» TRY IT:
Copy the lines below word for word, skipping any image.

» INPUT DATA:

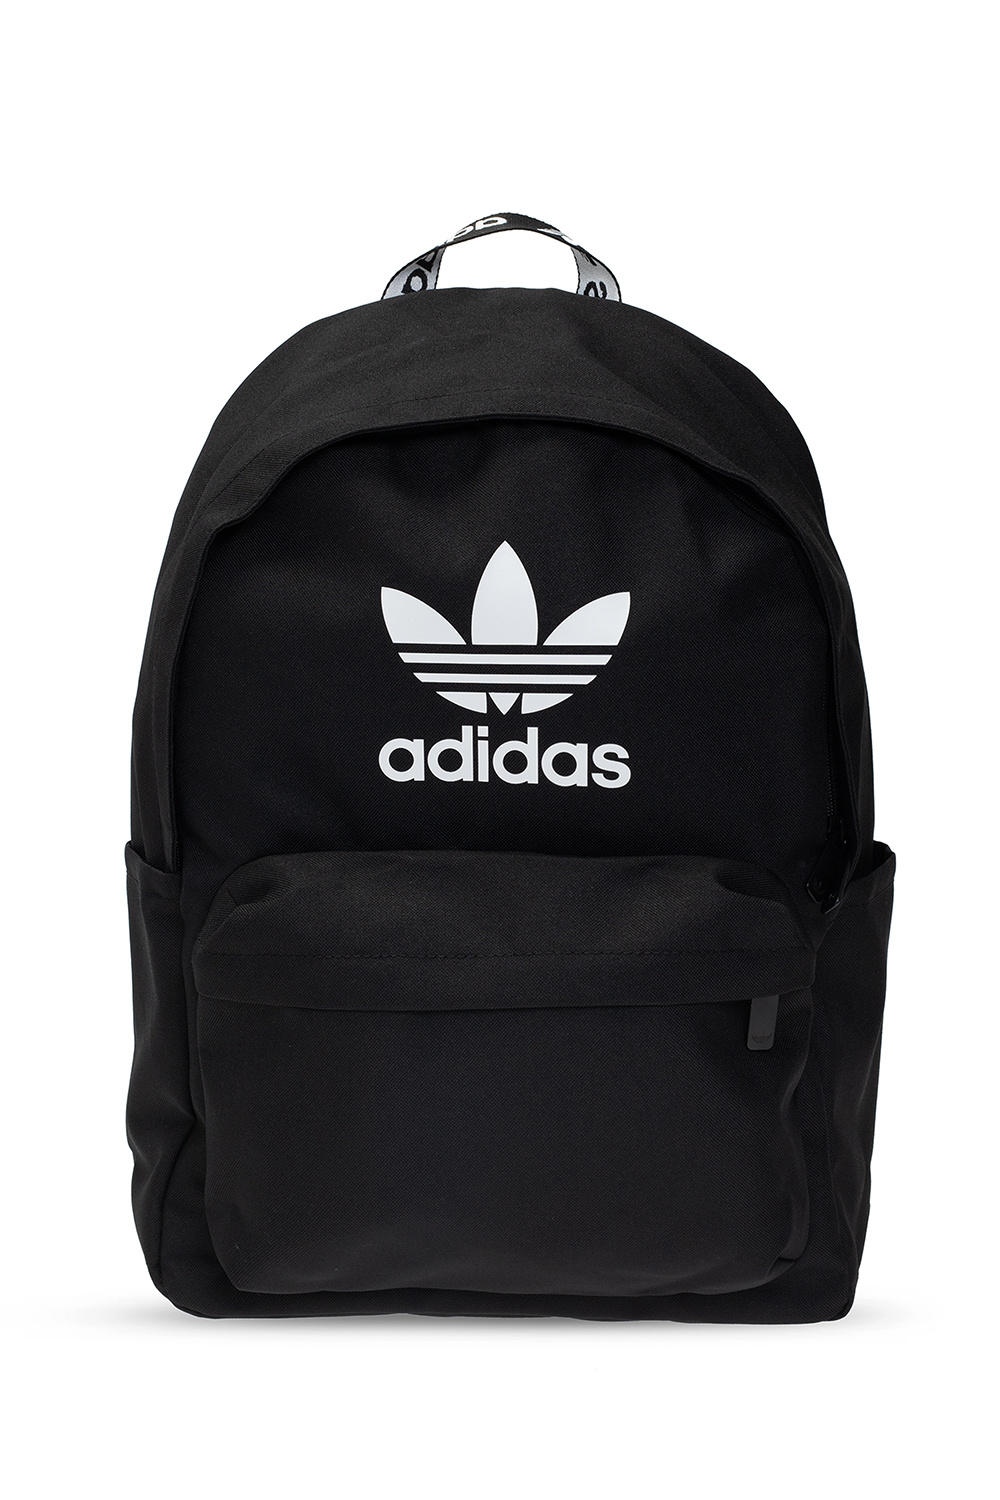 ADIDAS Originals Backpack with logo | Women's Bags | Vitkac
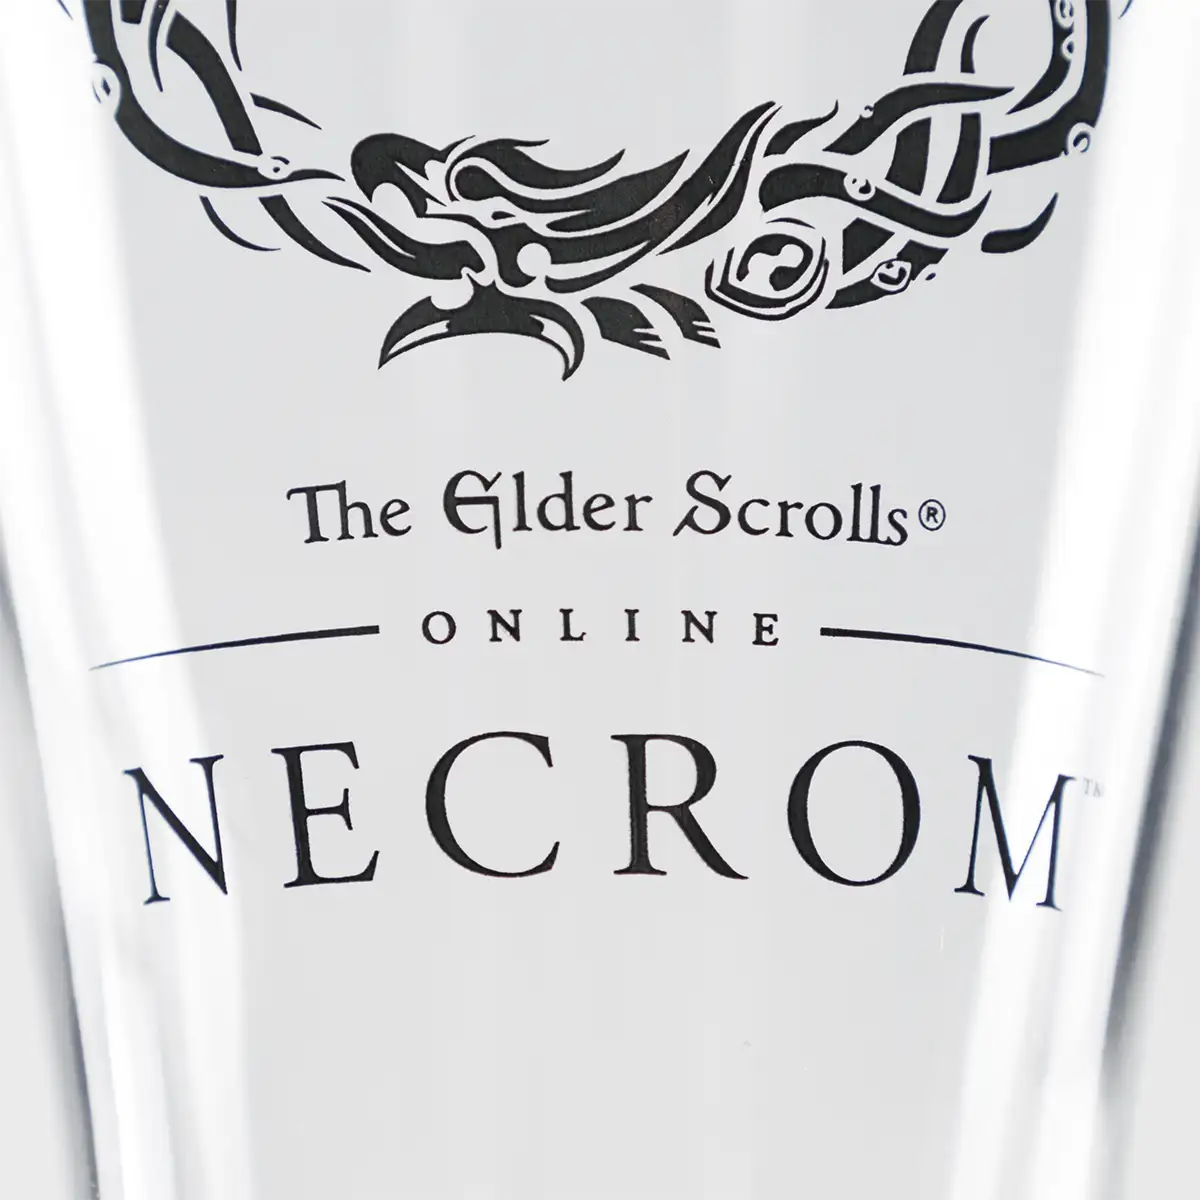 The Elder Scrolls Online Pint Glass "Necrom" Image 3
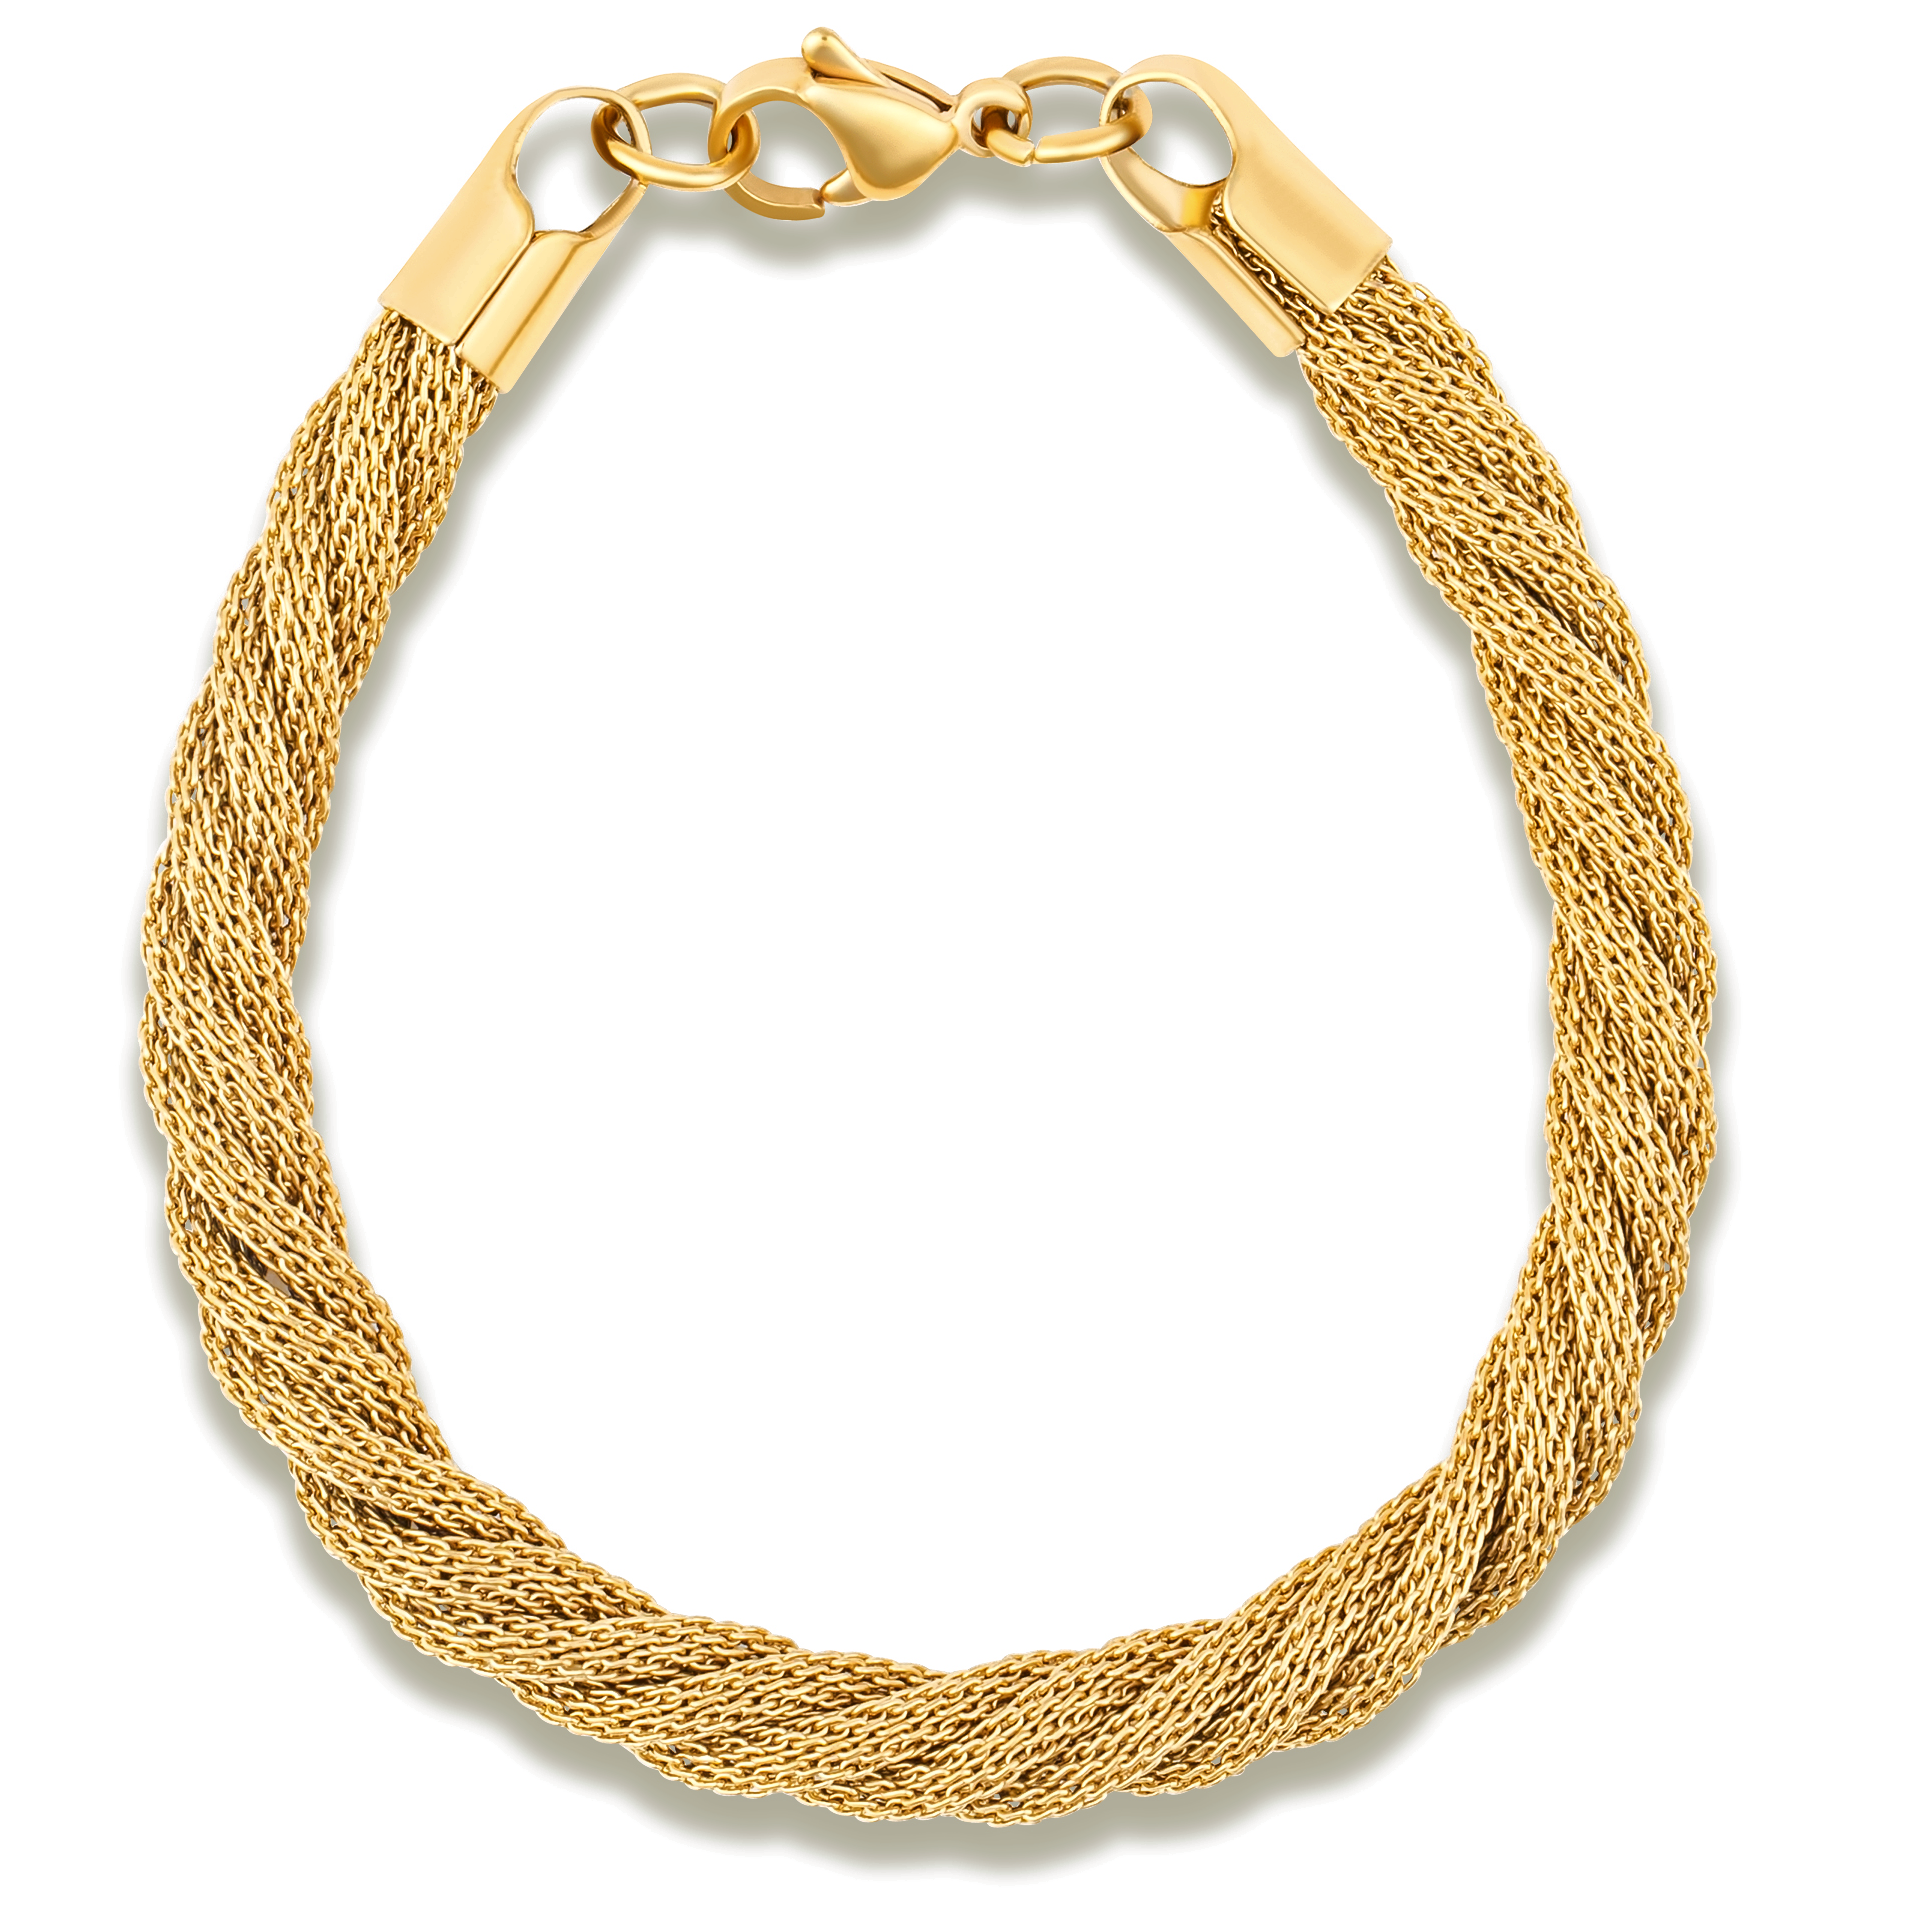 Danica Mesh Rope Chain Bracelet - Gold
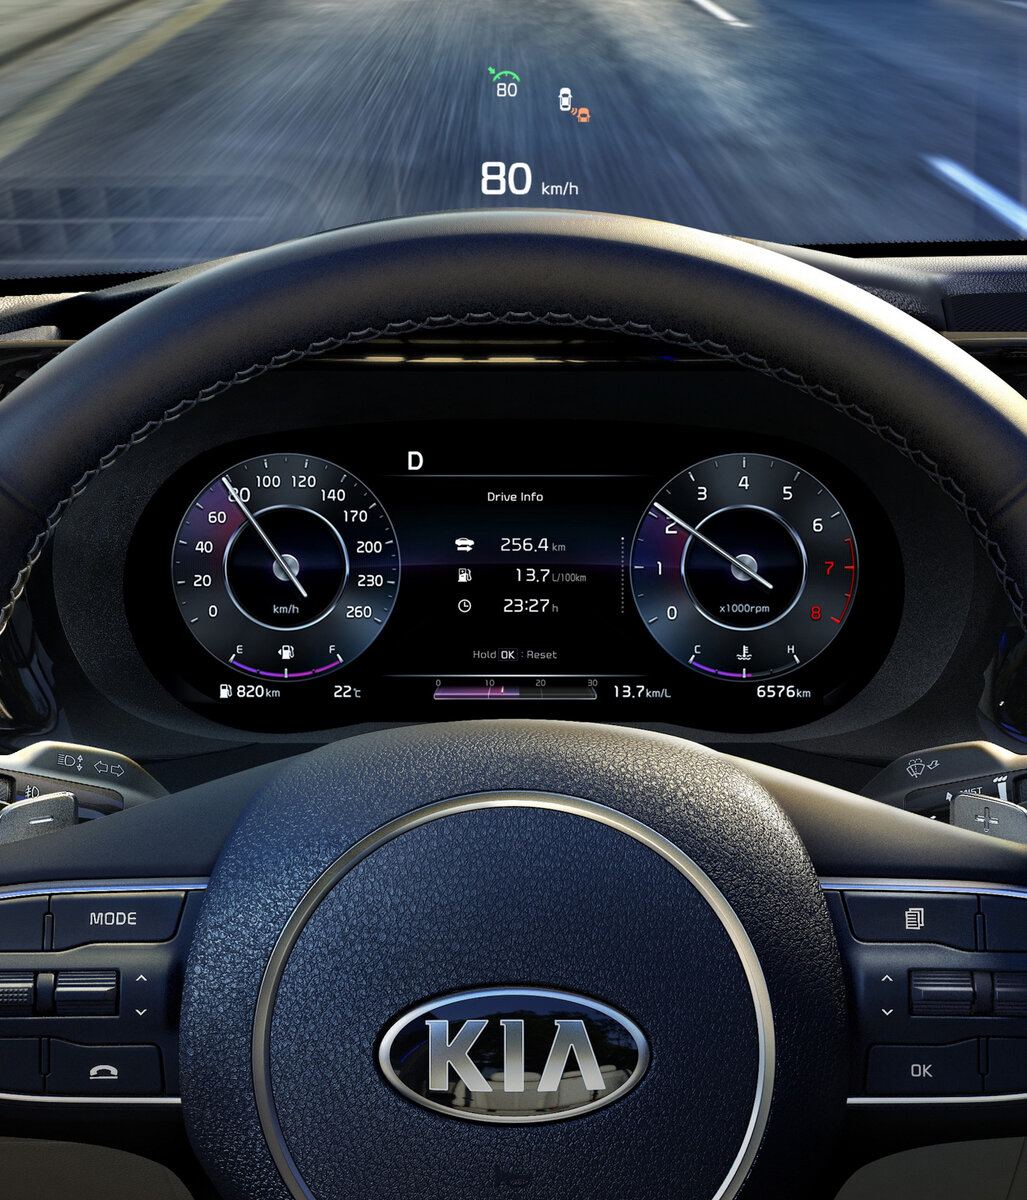 Kia выпустила конкурента Toyota Camry и VW Passat. Рассказываю о новом и дерзком седане Kia K5 ???

» SOLUTION FOR THIS PROBLEM:
 ADIDAS Originals Backpack with logo | Women's Bags | Vitkac
 The Elder Scrolls Online Pint Glass "Necrom" Image 3
 Danica Mesh Rope Chain Bracelet - Gold
 Kia выпустила конкурента Toyota Camry и VW Passat. Рассказываю о новом и дерзком седане Kia K5 ???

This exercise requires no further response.